= WHAT IS EXPECTED =
The listing below should be printed exactly, every line of it. Skip the pictures.

= SUPPLIED MATERIAL =
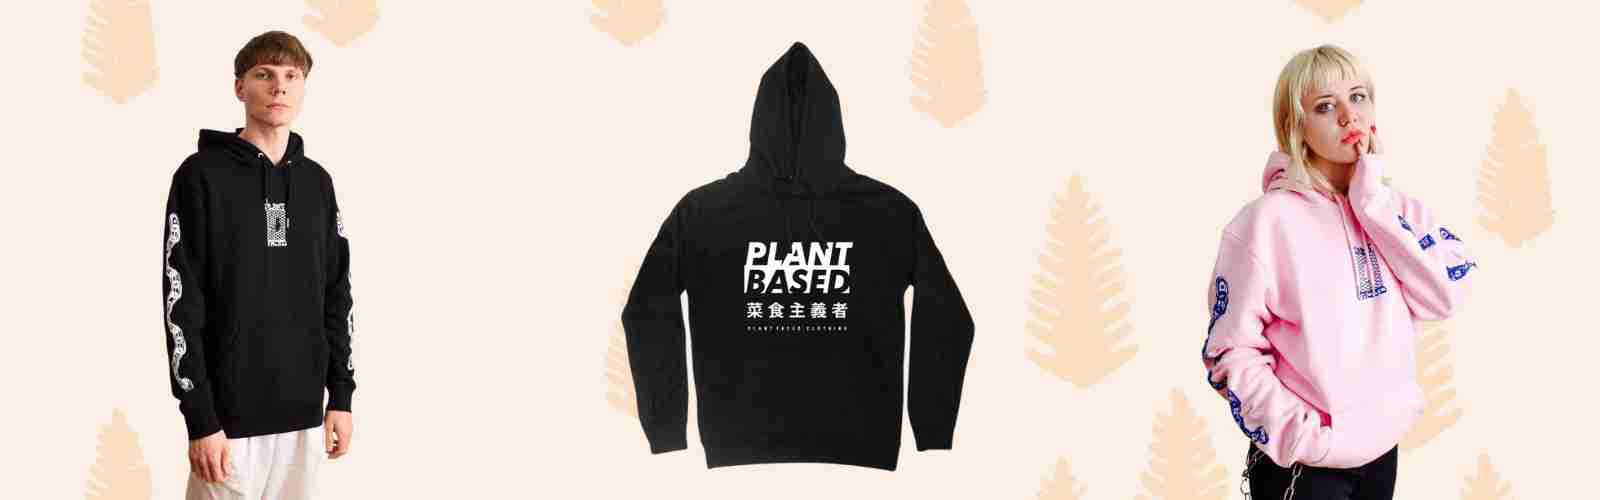 Plantfaced Reduce Fashion Waste with Clothes Made from Recycled Materials: Brands and Tips
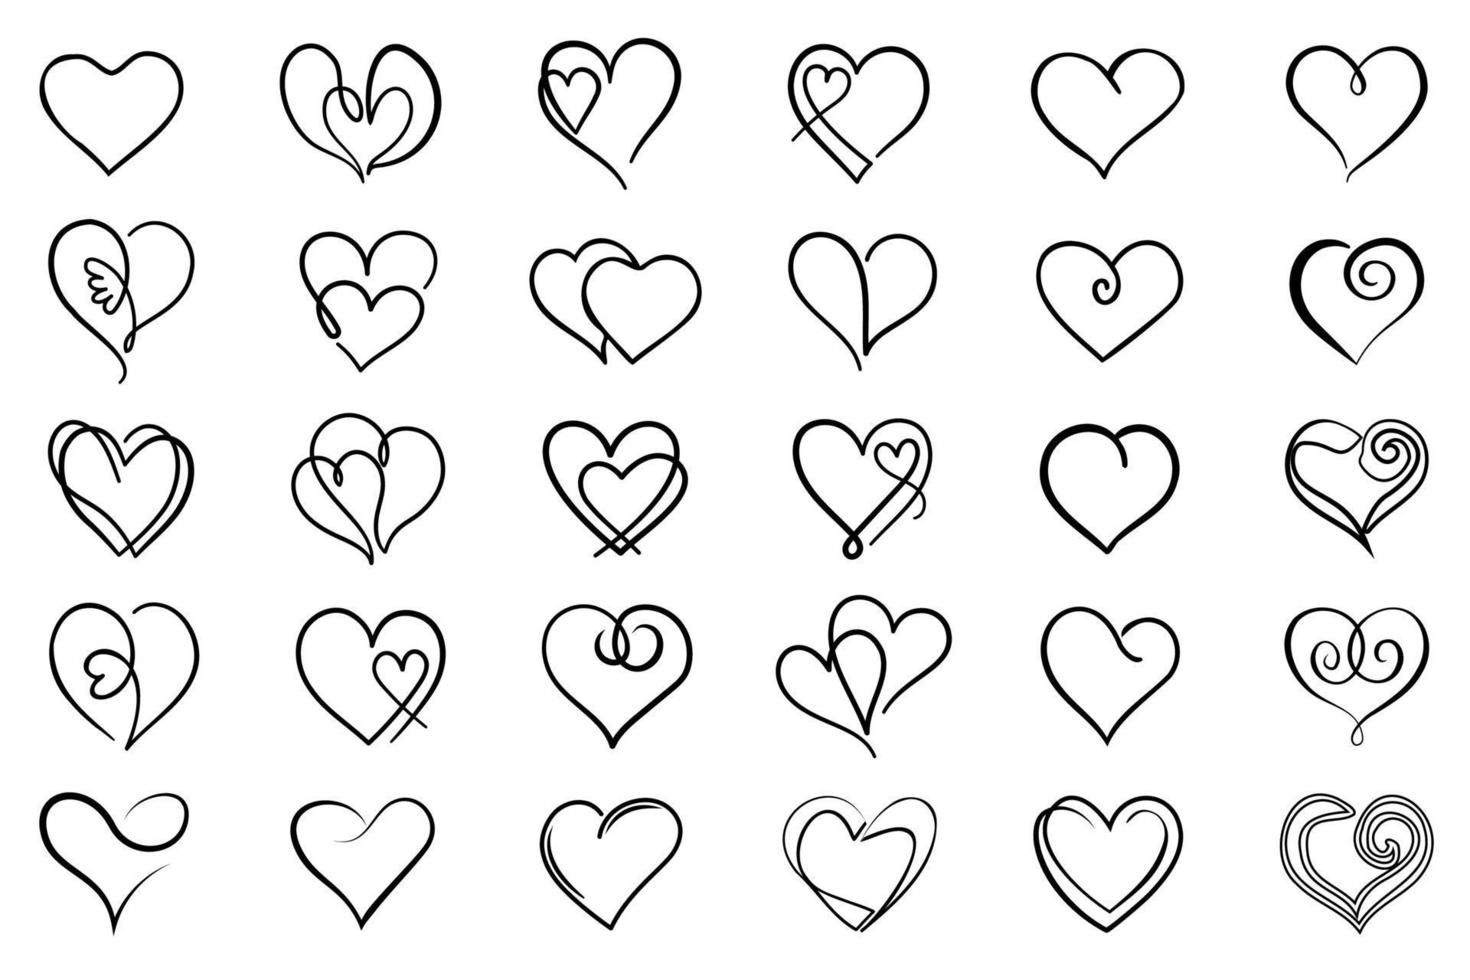 Outline hearts set. Black outline heart silhouettes collection. Line art hearts illustration. vector
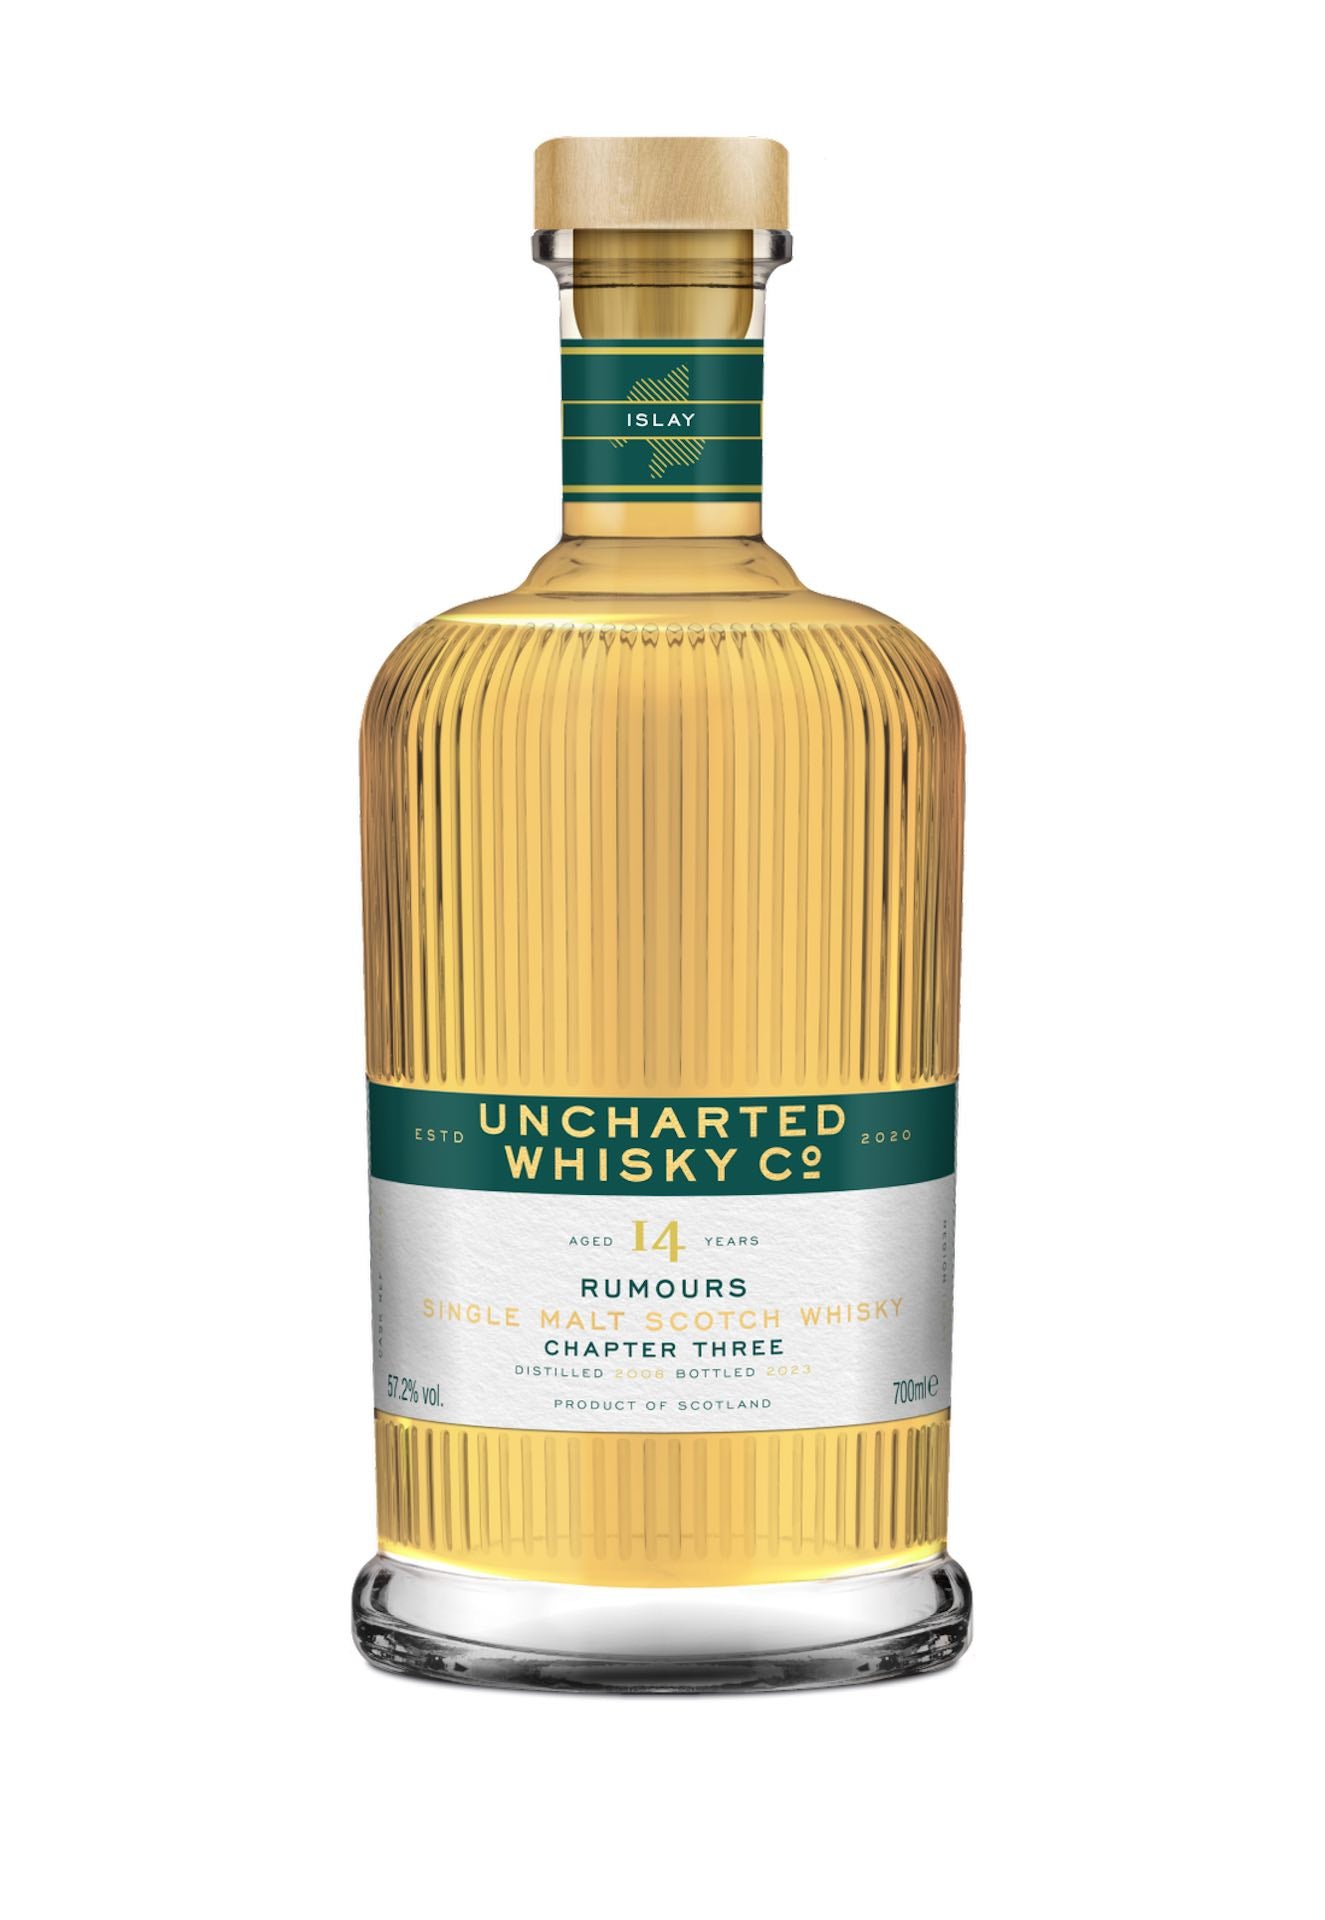 alt="Uncharted Whisky Co, Rumours Chapter 3, Secret Islay 14 Year Old"
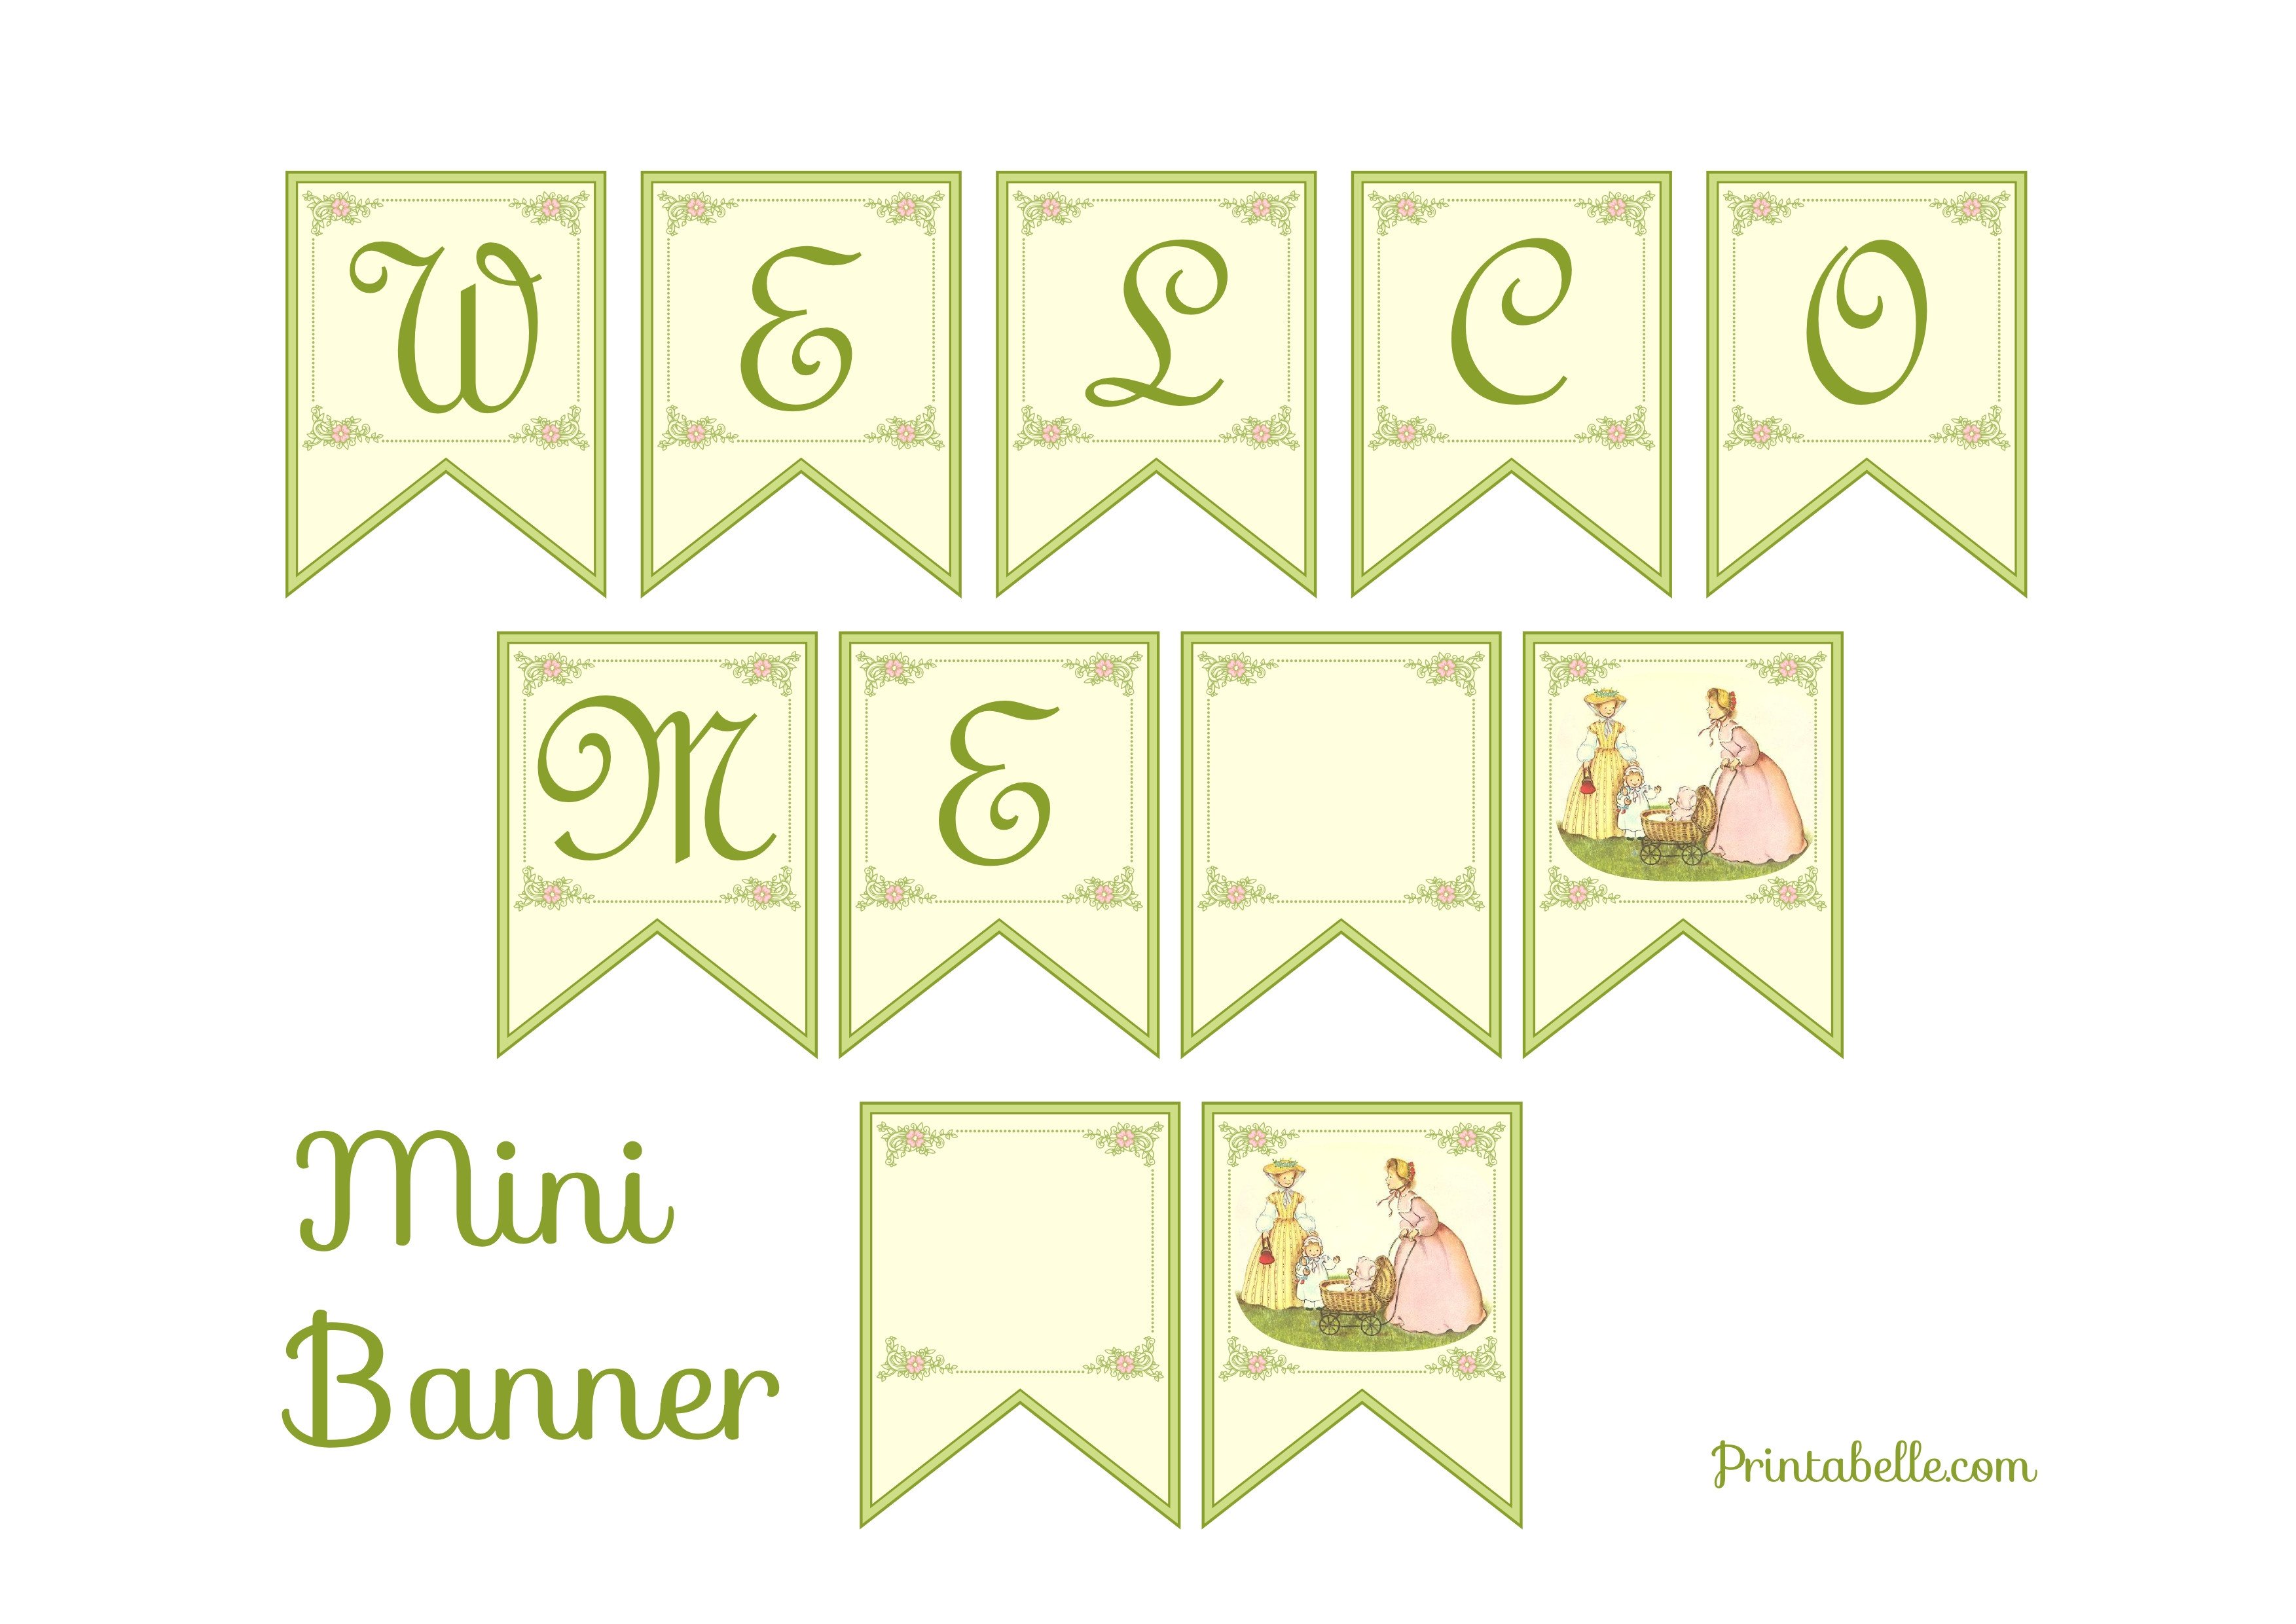 Baby Shower Banner Printable Free Vintage Baby Shower Printables From Printabelle

= REPLY TO THE TASK =
 Plantfaced Reduce Fashion Waste with Clothes Made from Recycled Materials: Brands and Tips
 Outline hearts set. Black outline heart silhouettes collection. Line art hearts illustration. vector
 alt="Uncharted Whisky Co, Rumours Chapter 3, Secret Islay 14 Year Old"
 Baby Shower Banner Printable Free Vintage Baby Shower Printables From Printabelle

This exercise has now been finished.